*PROVIDED MATERIAL*:
▽
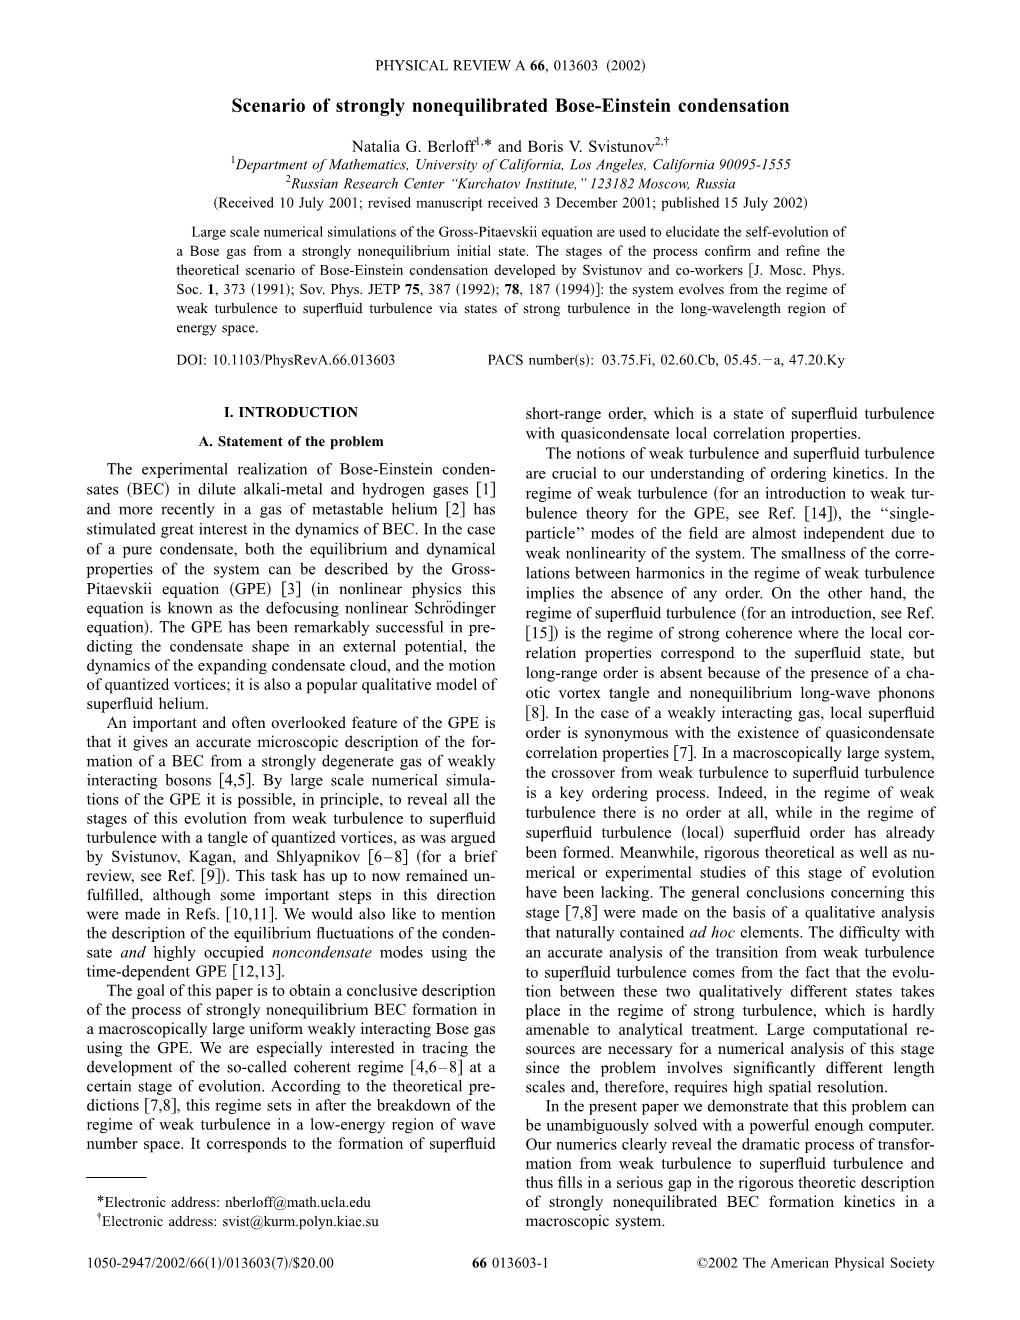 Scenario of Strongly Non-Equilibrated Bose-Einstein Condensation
△
▽
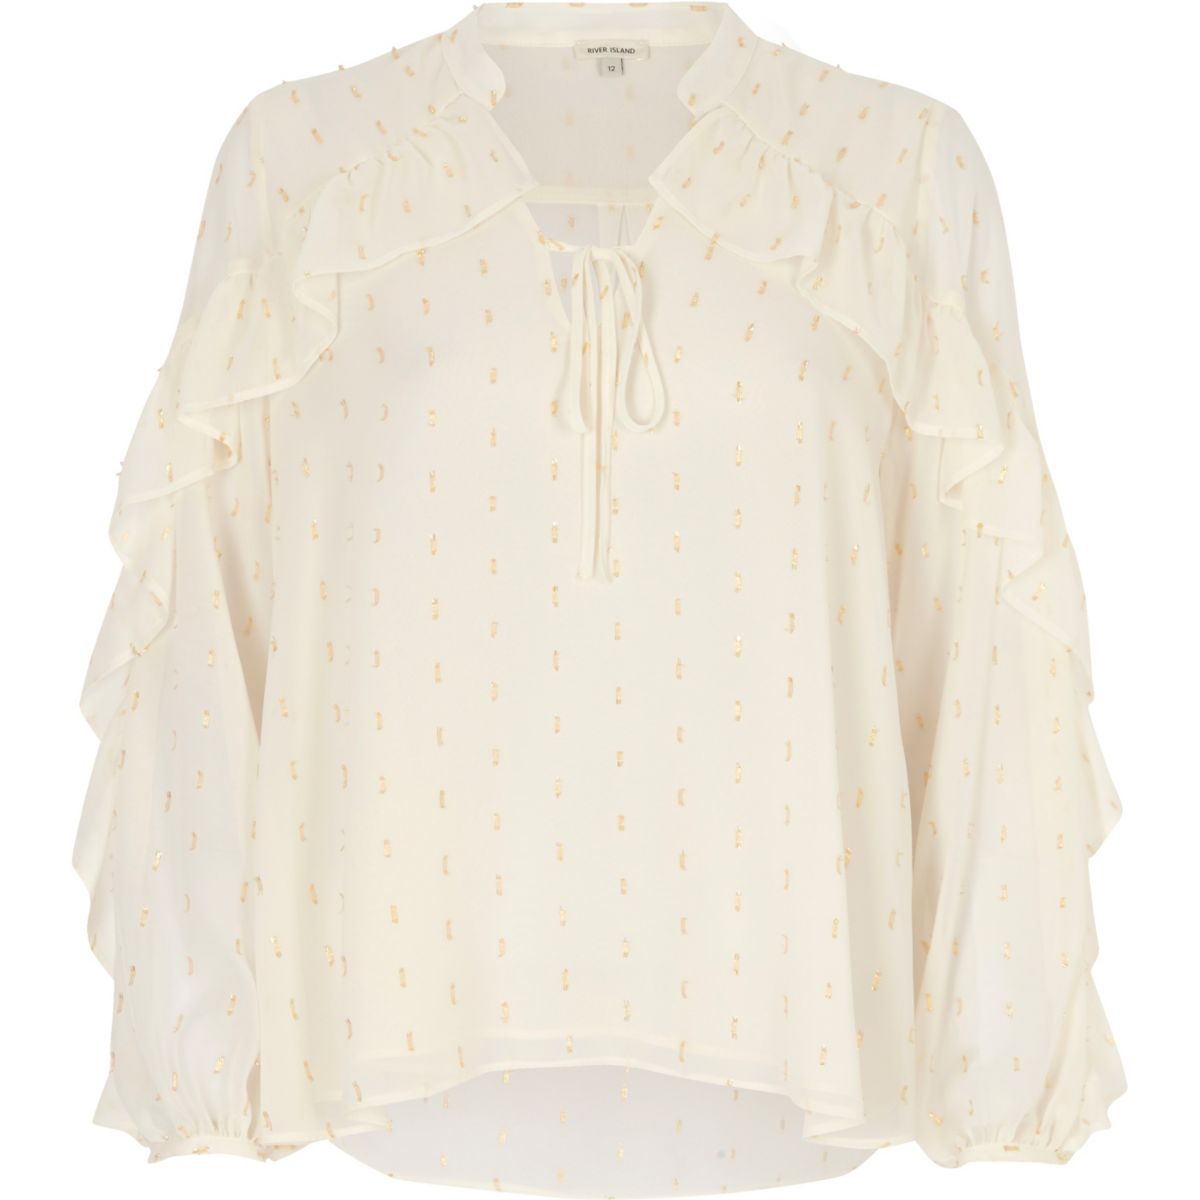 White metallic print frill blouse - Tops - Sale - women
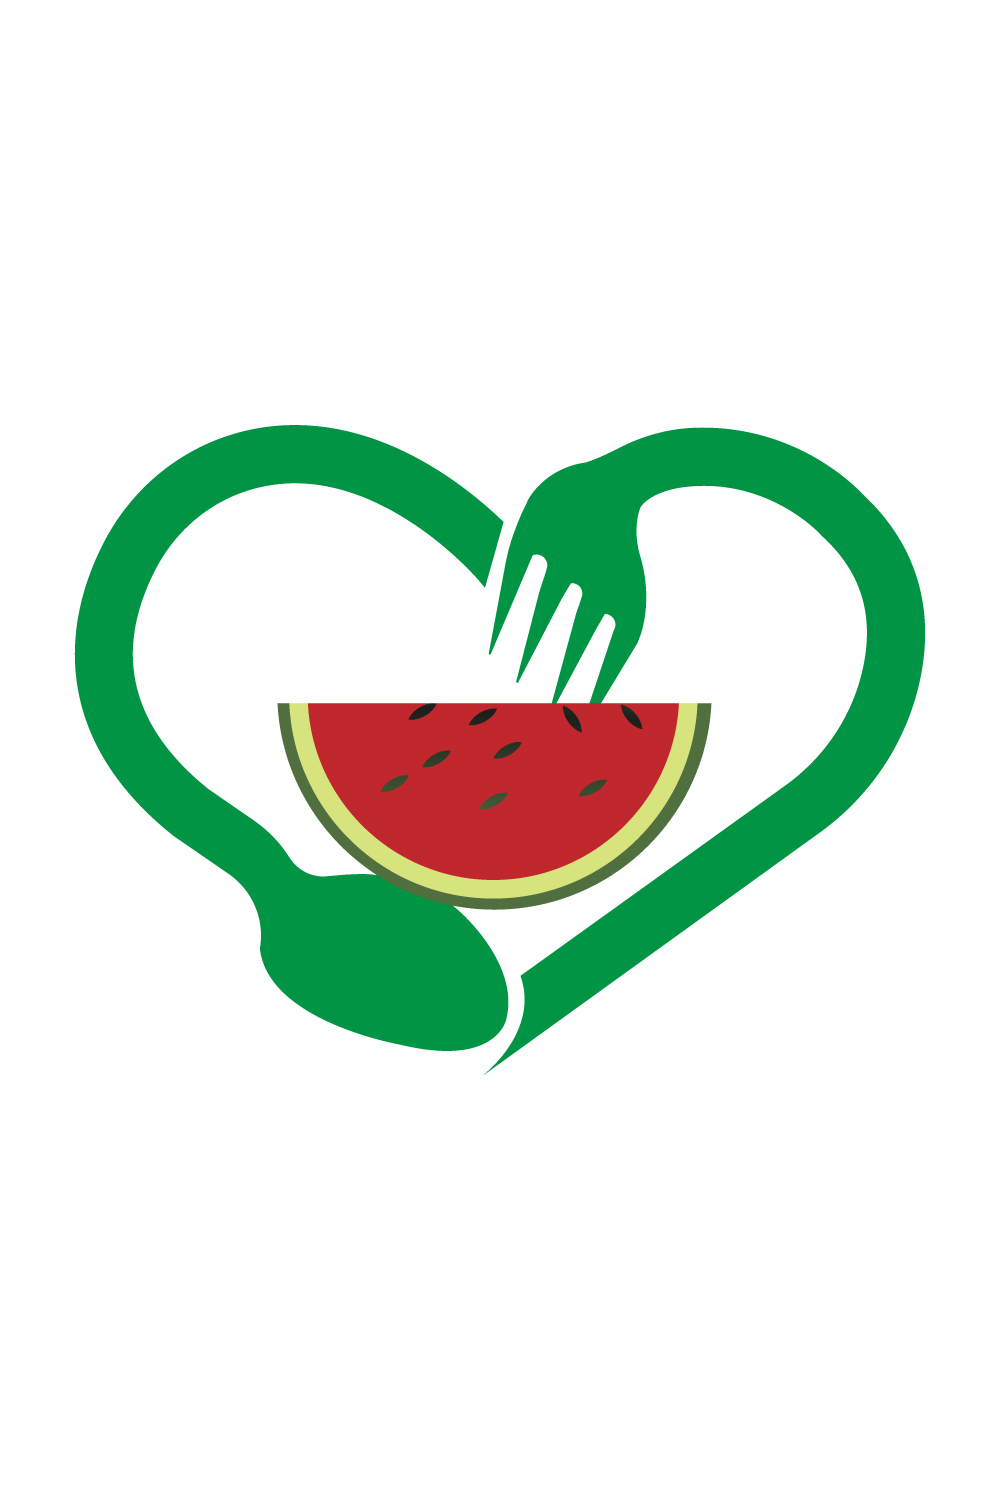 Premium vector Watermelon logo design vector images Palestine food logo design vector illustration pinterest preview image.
△
▽
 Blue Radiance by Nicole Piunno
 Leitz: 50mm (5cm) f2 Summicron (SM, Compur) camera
△
*PROBLEM DESCRIPTION*:
The line above containing "Blue Radiance by Nicole Piunno", the line containing "Leitz: 50mm (5cm)", and every line between them are to be transcribed exactly; no other line is wanted.

*RESPONSE TO THIS TASK*:
 Blue Radiance by Nicole Piunno
 Leitz: 50mm (5cm) f2 Summicron (SM, Compur) camera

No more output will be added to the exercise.